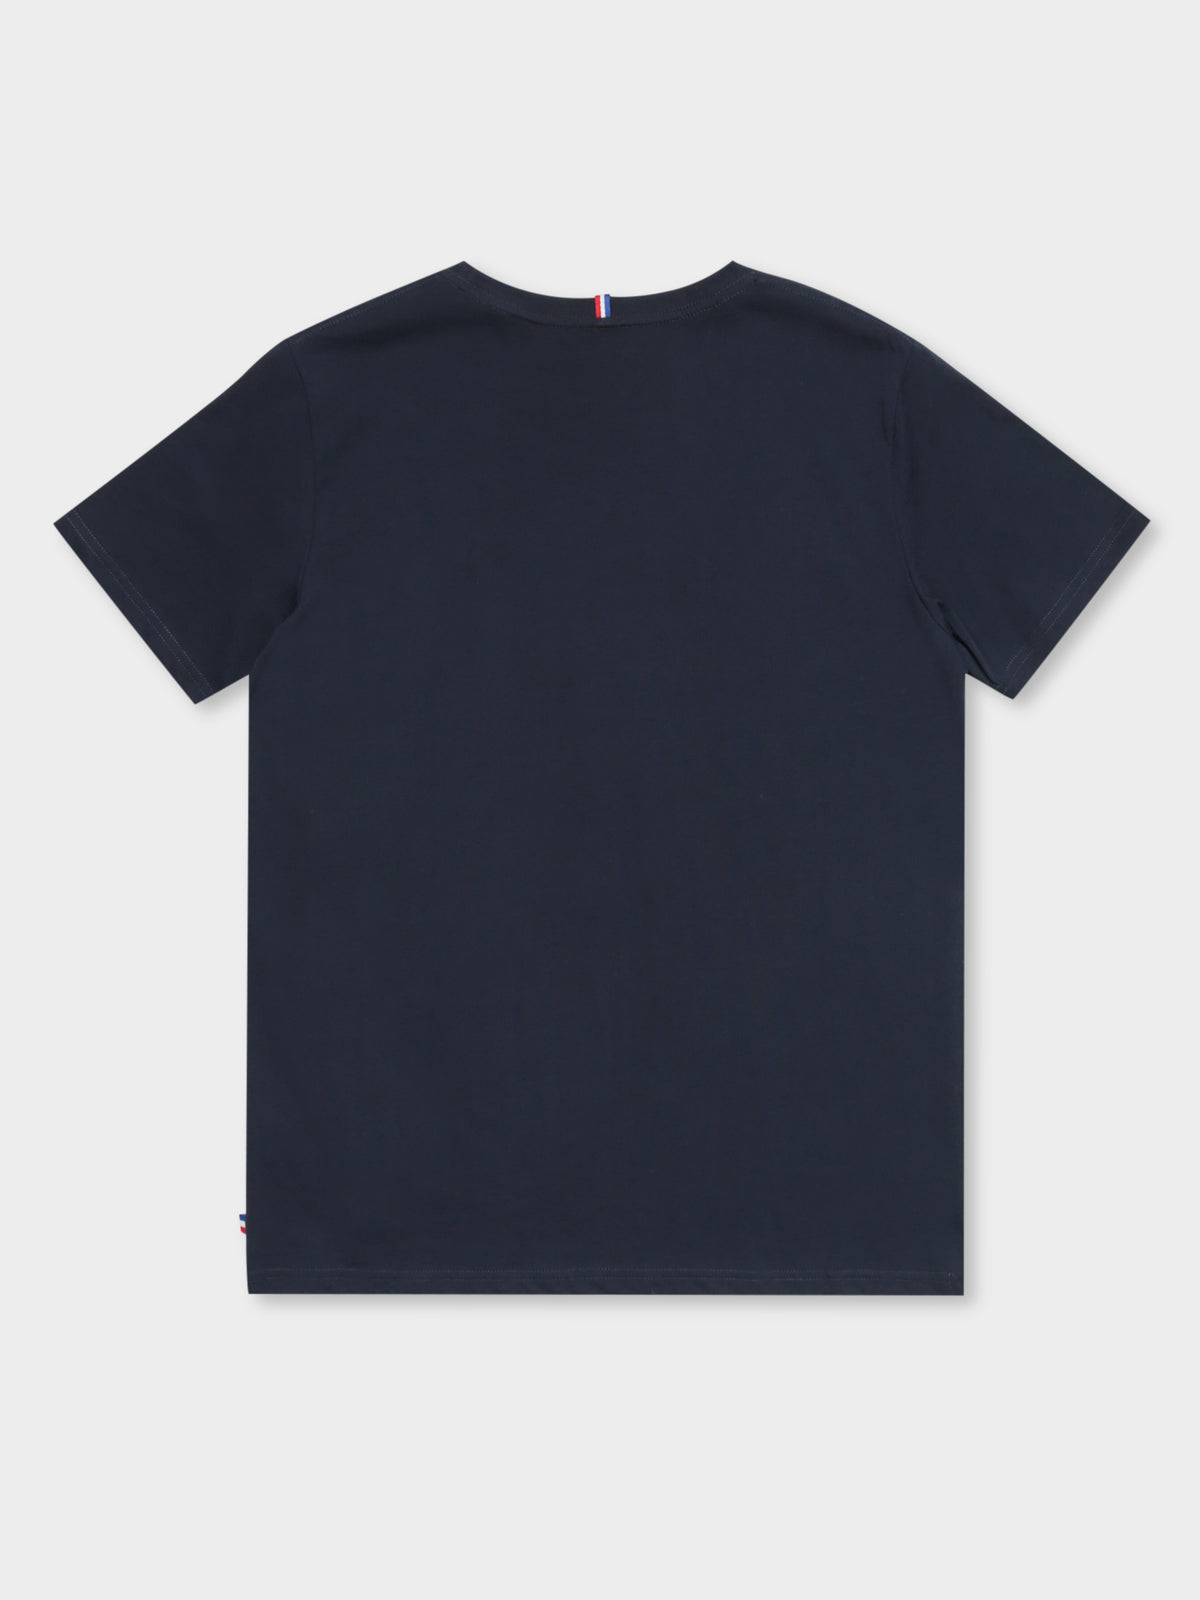 Essential T-Shirt in Dress Blues
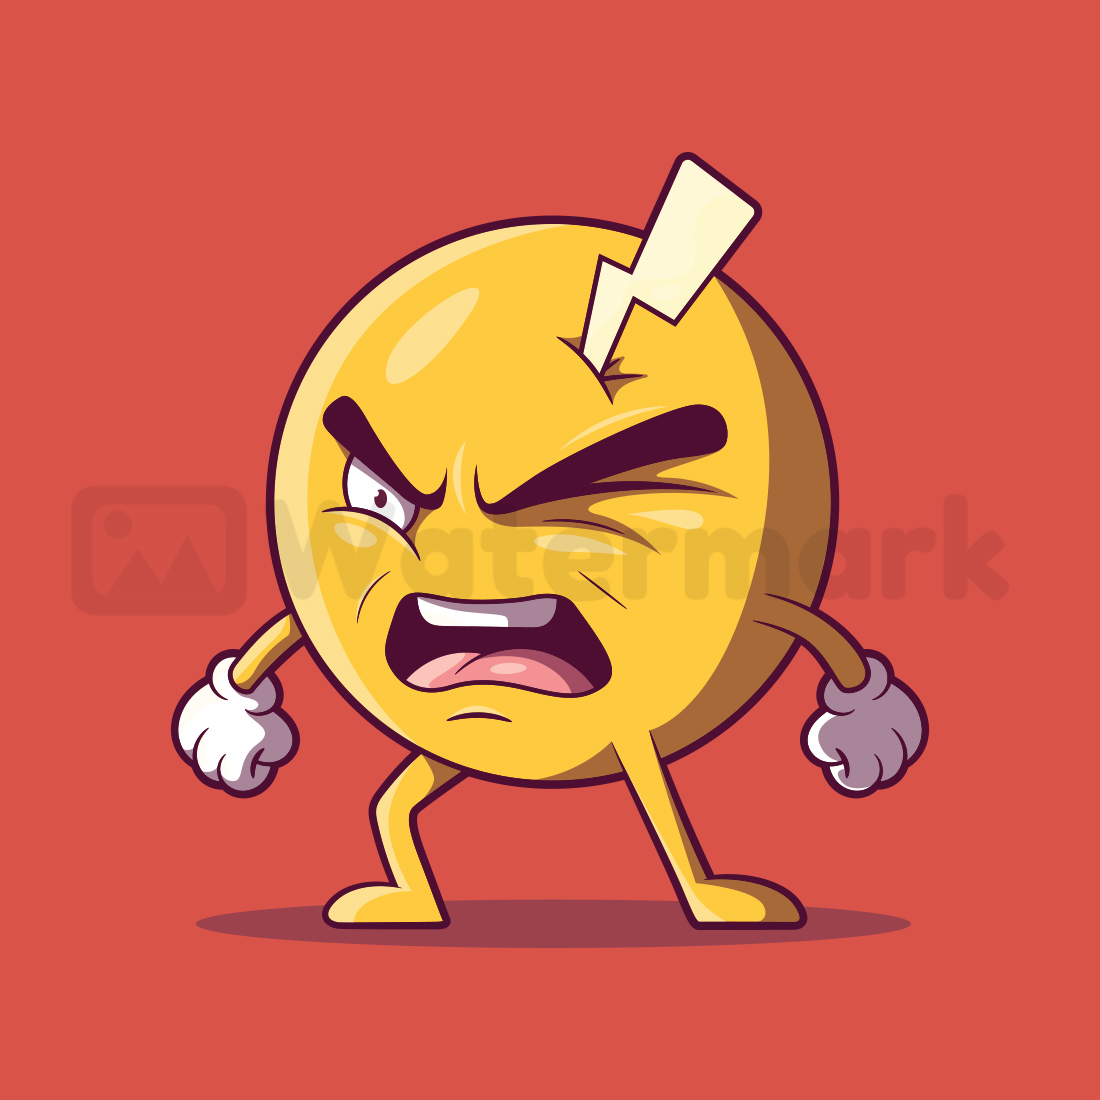 Angry Emoji! preview image.
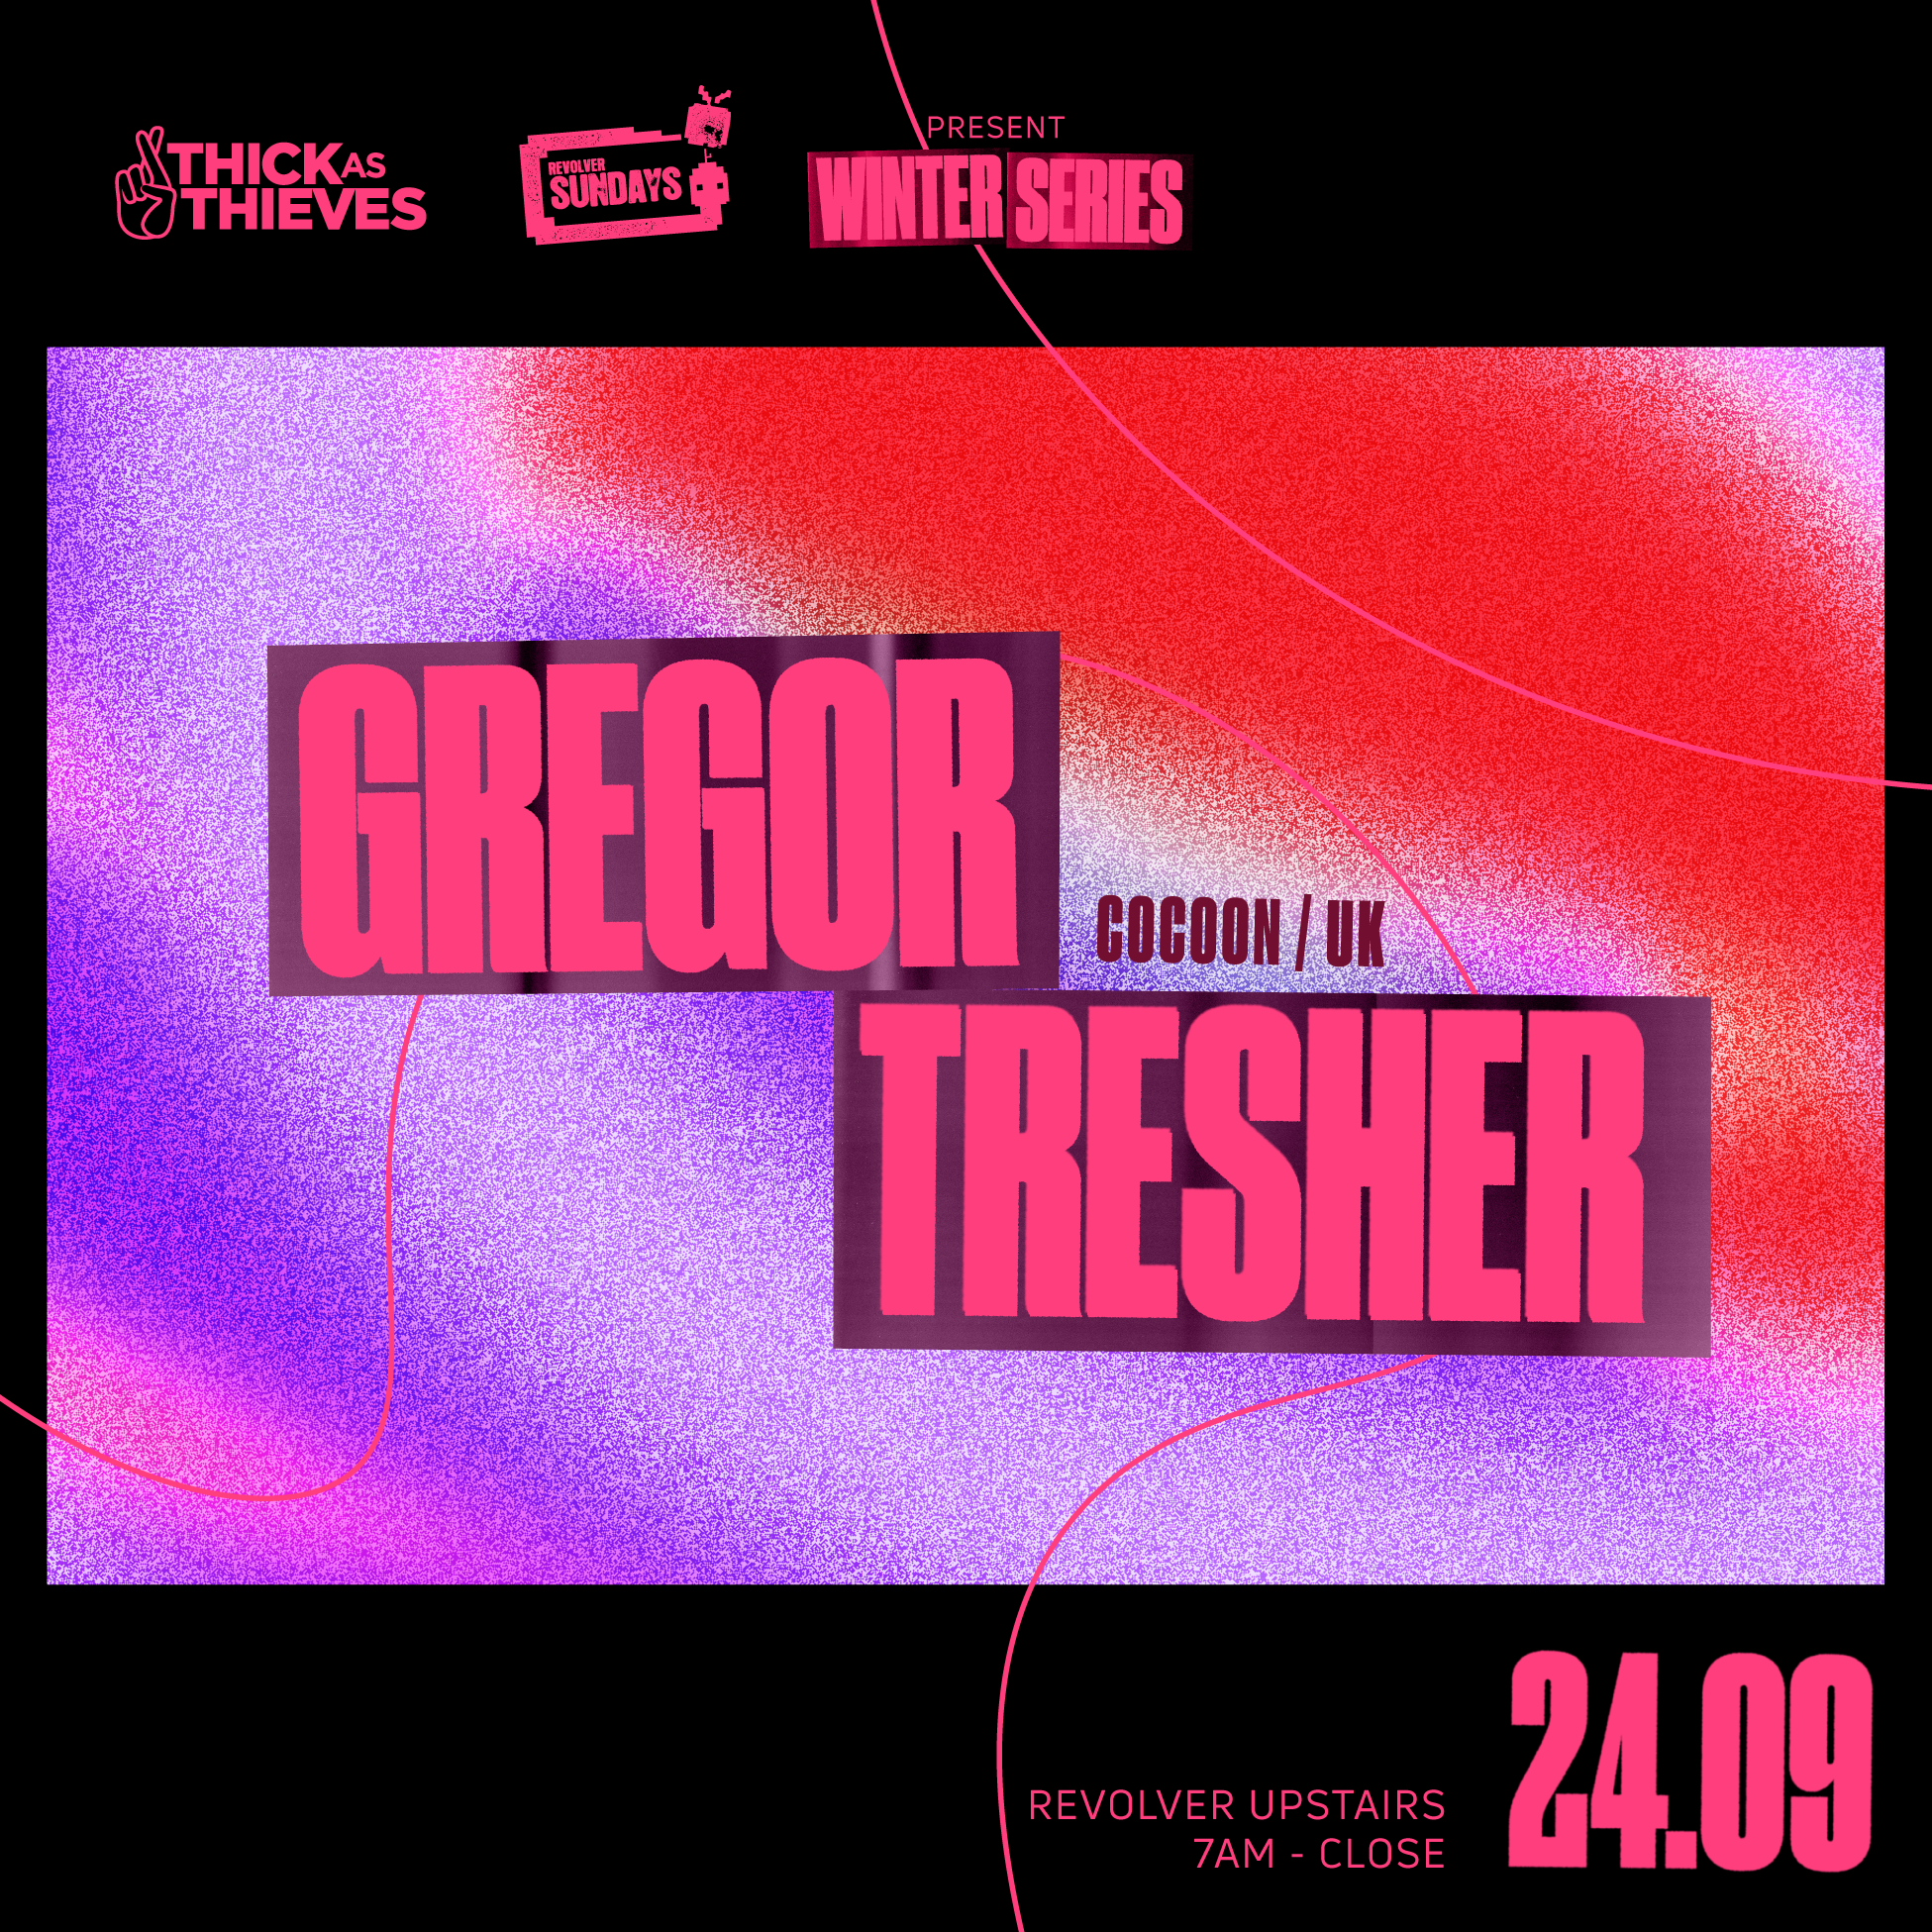 Winter Series feat. Gregor Tresher - フライヤー表
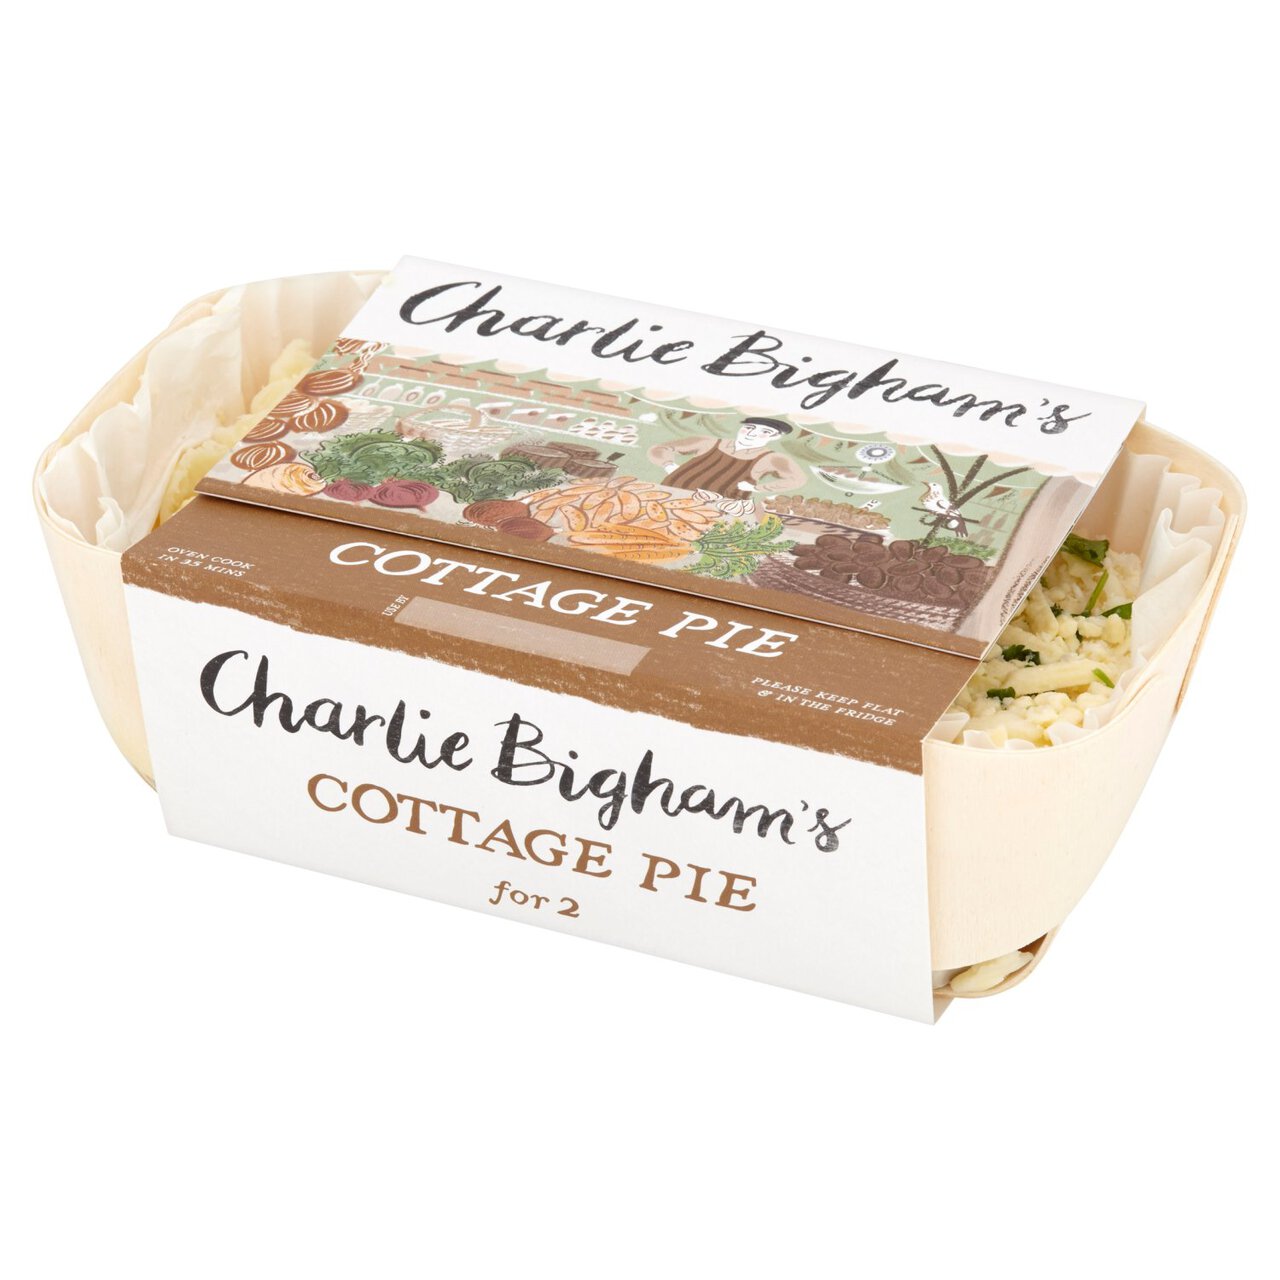 Charlie Bigham's Cottage Pie for 2 650g
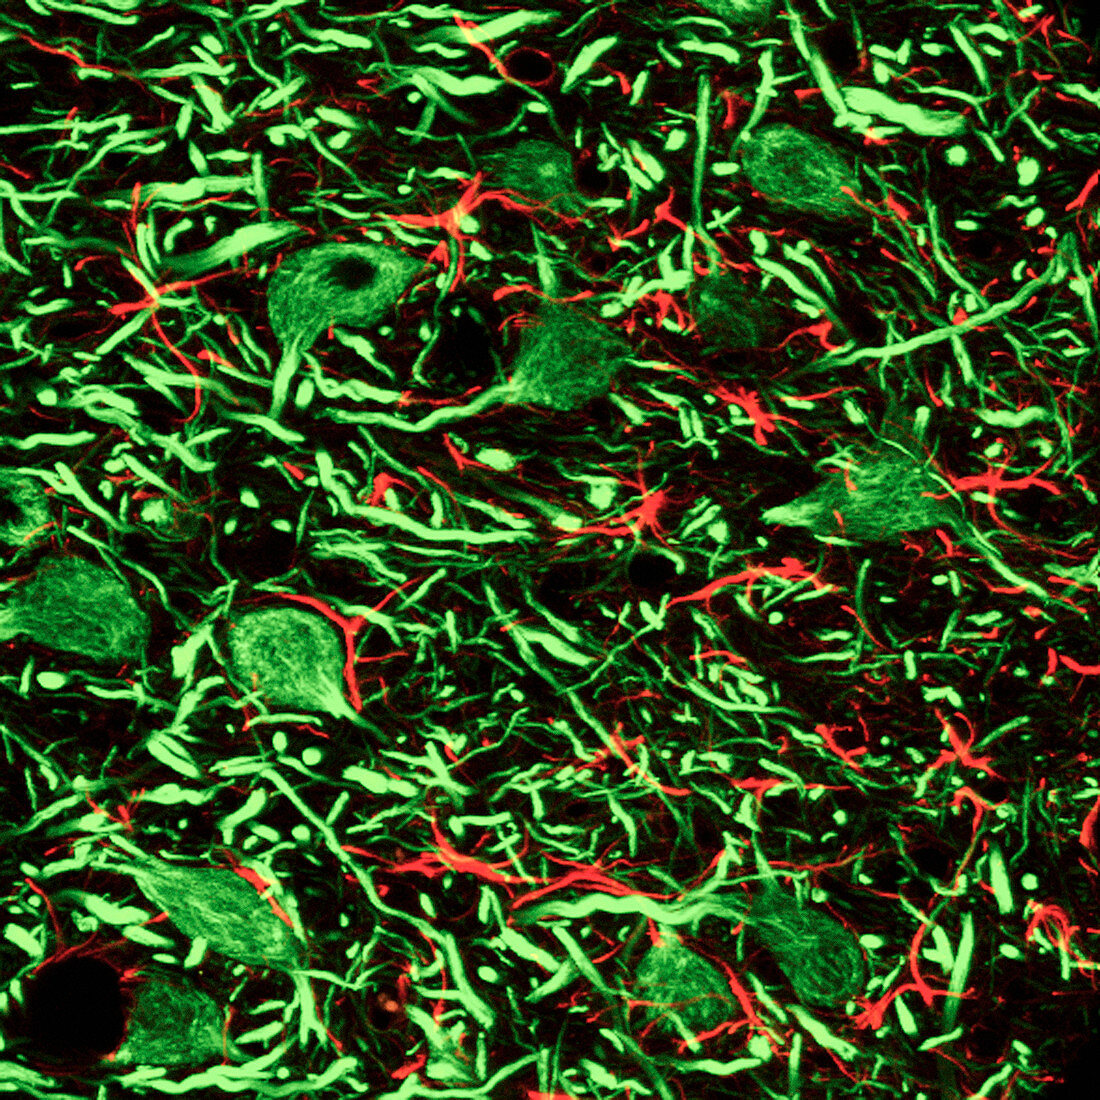 Thalamus nerve cells
-----
— Instructions for the task —
Exactly the lines from the one containing "Winter Series feat. Gregor Tresher - フライヤー表" through the last line of the material above, both included and free of pictures, should make up your answer, please.

— Response to this task —
 Winter Series feat. Gregor Tresher - フライヤー表
 Charlie Bigham's Cottage Pie for 2 650g
 Thalamus nerve cells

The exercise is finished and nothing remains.